Export Cleaned Table

df.to_csv('cleaned_data/death_causes_2019.csv',index=False)

Visualization

import matplotlib.pyplot as plt
import numpy as np
import seaborn as sns

Death by gender in 2019

df = pd.read_csv('cleaned_data/death_rate_by_age_group_and_sex_2019.csv')

df.head()

	age_group	total_death_group	male_death_age	female_death_age
0	Under 1 year	3117	1711	1406
1	Under 1 day	652	351	301
2	1 day to < 1 week	842	467	375
3	1 week to < 4 weeks	486	267	219
4	4 weeks to < 3 months	459	248	211

import matplotlib.pyplot as plt
import seaborn as sns

fig = plt.figure(figsize=(10,5),facecolor='1')
plt.title("Death by age group in Malaysia")


sns.barplot(data=df, x='age_group',y='total_death_group')
plt.xticks(rotation=90)
plt.show()

png

Description: From the graph, we can see the distribution of total death count by age group in Malaysia. From the graph, we can see that people in Malaysia mostly died at the age 70-74 which is nearly 20k deaths.

fig = plt.figure(figsize=(10,5),facecolor='1')
plt.title("Male Death Age in Malaysia")


sns.barplot(data=df, x='age_group',y='male_death_age',palette='mako')
plt.xticks(rotation=90)
plt.show()

png

Description: From the graph, we can see the distribution of death count of males by age group in Malaysia. From the graph, we can see that men in Malaysia mostly died at the age 70-74 which is nearly 12k deaths.

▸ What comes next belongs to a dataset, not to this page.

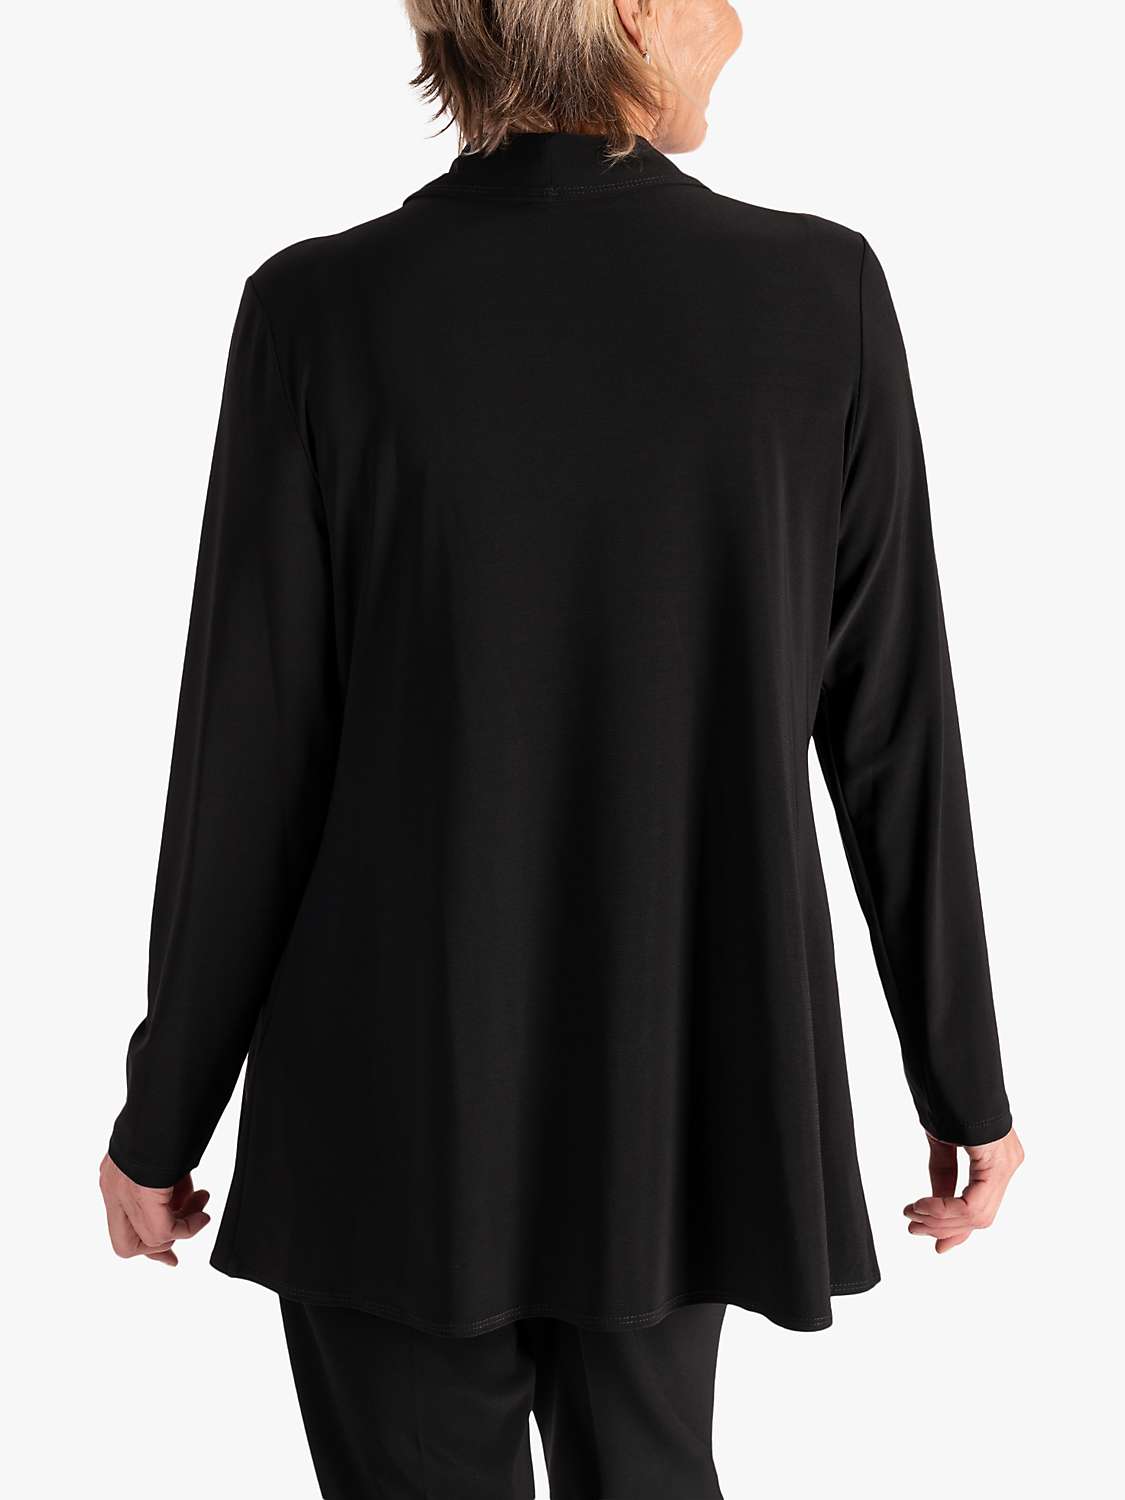 Buy chesca Cowl Neck Layered Tunic Online at johnlewis.com
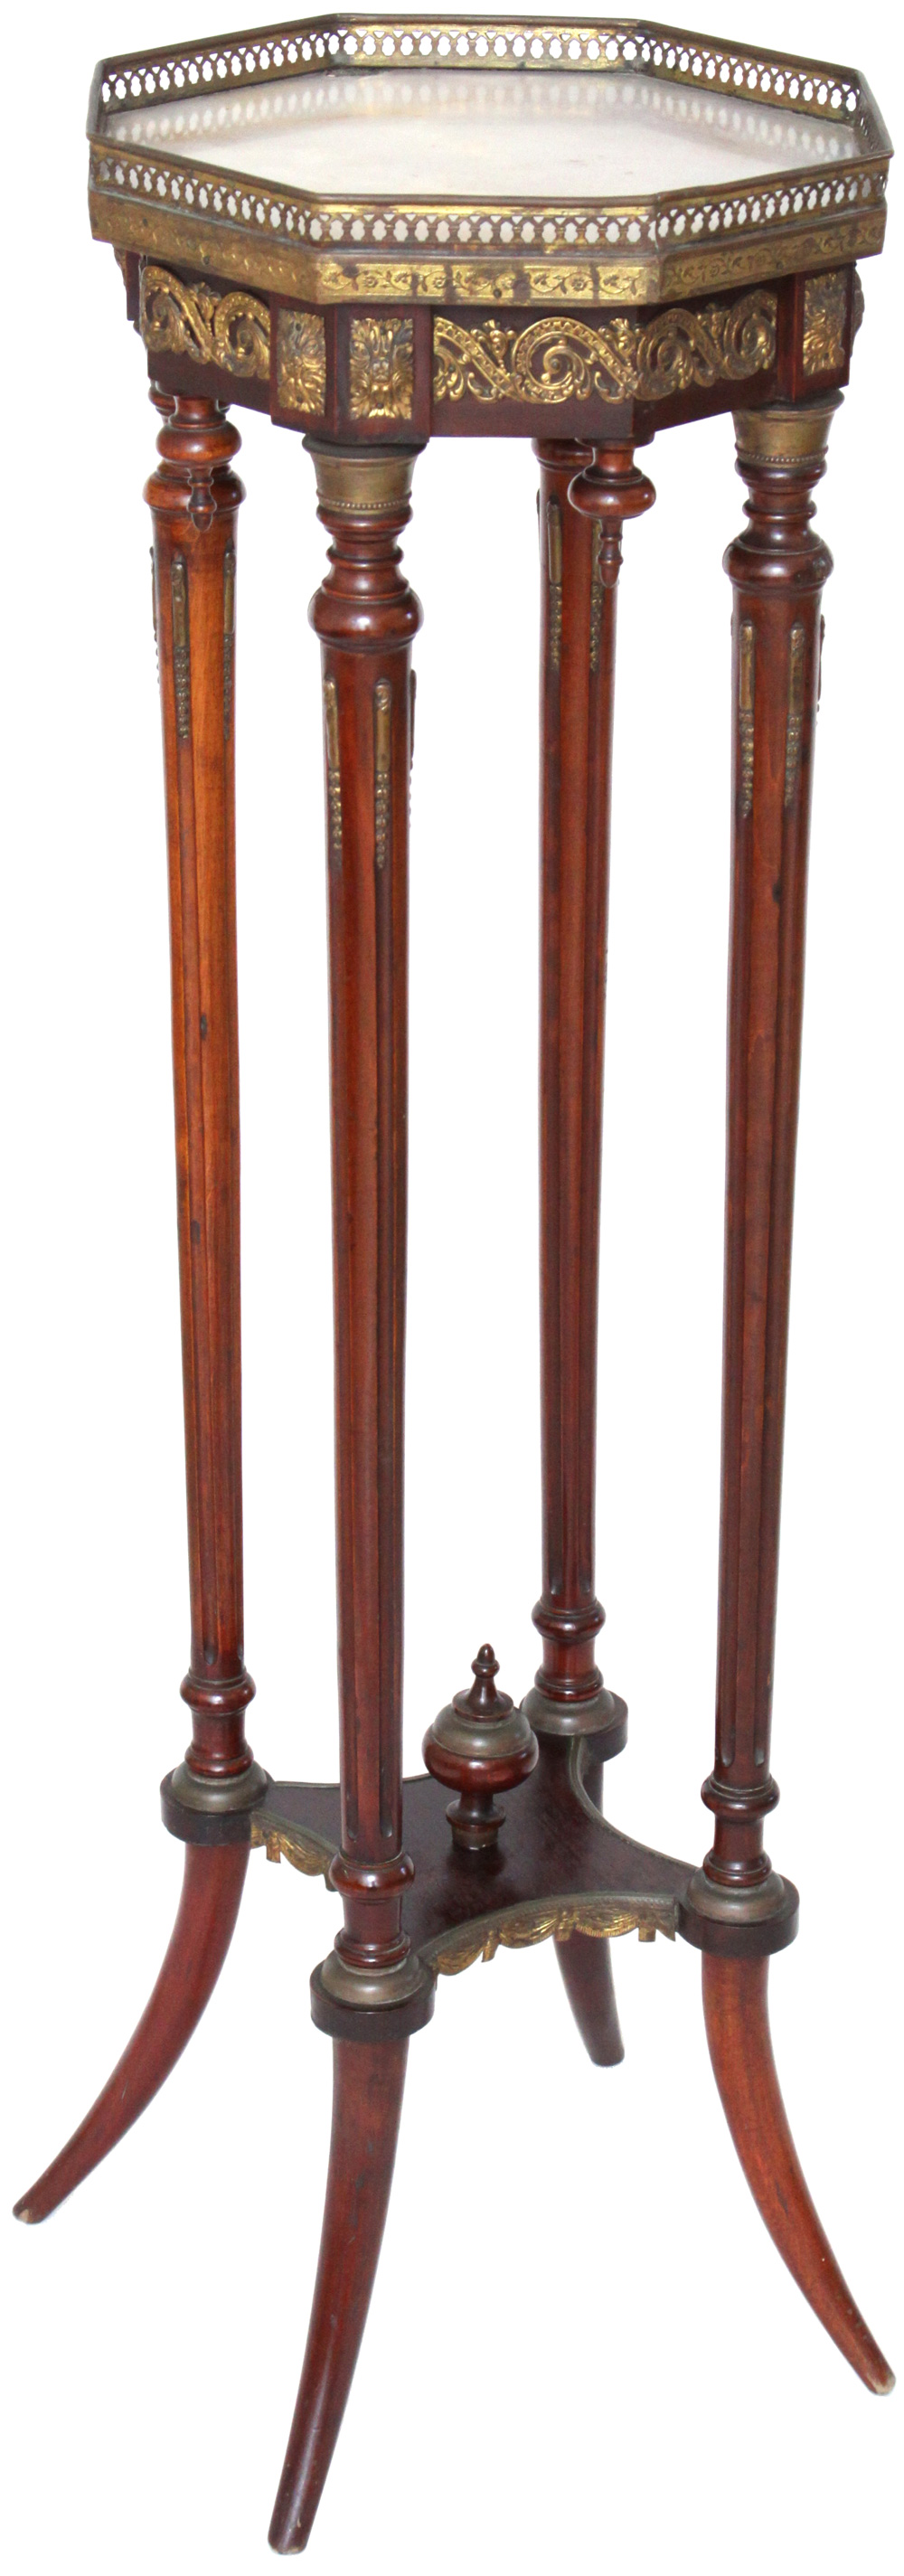 A Tall Antique French Plant Stand with mahogany frame and octagon Marble Top - מעמד לעציץ צרפתי עתיק - Back To List of Antique Furniture

fig = plt.figure(figsize=(10,5),facecolor='1')
plt.title("Female Death Age in Malaysia")


sns.barplot(data=df, x='age_group',y='female_death_age',palette='plasma')
plt.xticks(rotation=90)
plt.show()

png

Description: From the graph, we can see the distribution of death count of females by age group in Malaysia. From the graph, we can see that women in Malaysia mostly died at the age 85 and over which is more than 12k deaths.

max_male_age = df.loc[df.male_death_age == df.male_death_age.max(), 'age_group'].values[0]
max_female_age = df.loc[df.female_death_age == df.female_death_age.max(), 'age_group'].values[0]

print('Most male in Malaysia died between '+max_male_age)
print('Most female in Malaysia died between '+max_female_age)

Most male in Malaysia died between 70-74 
Most female in Malaysia died between 85 and over

df['male_death_sum']=df['male_death_age'].sum()
df['female_death_sum']=df['female_death_age'].sum()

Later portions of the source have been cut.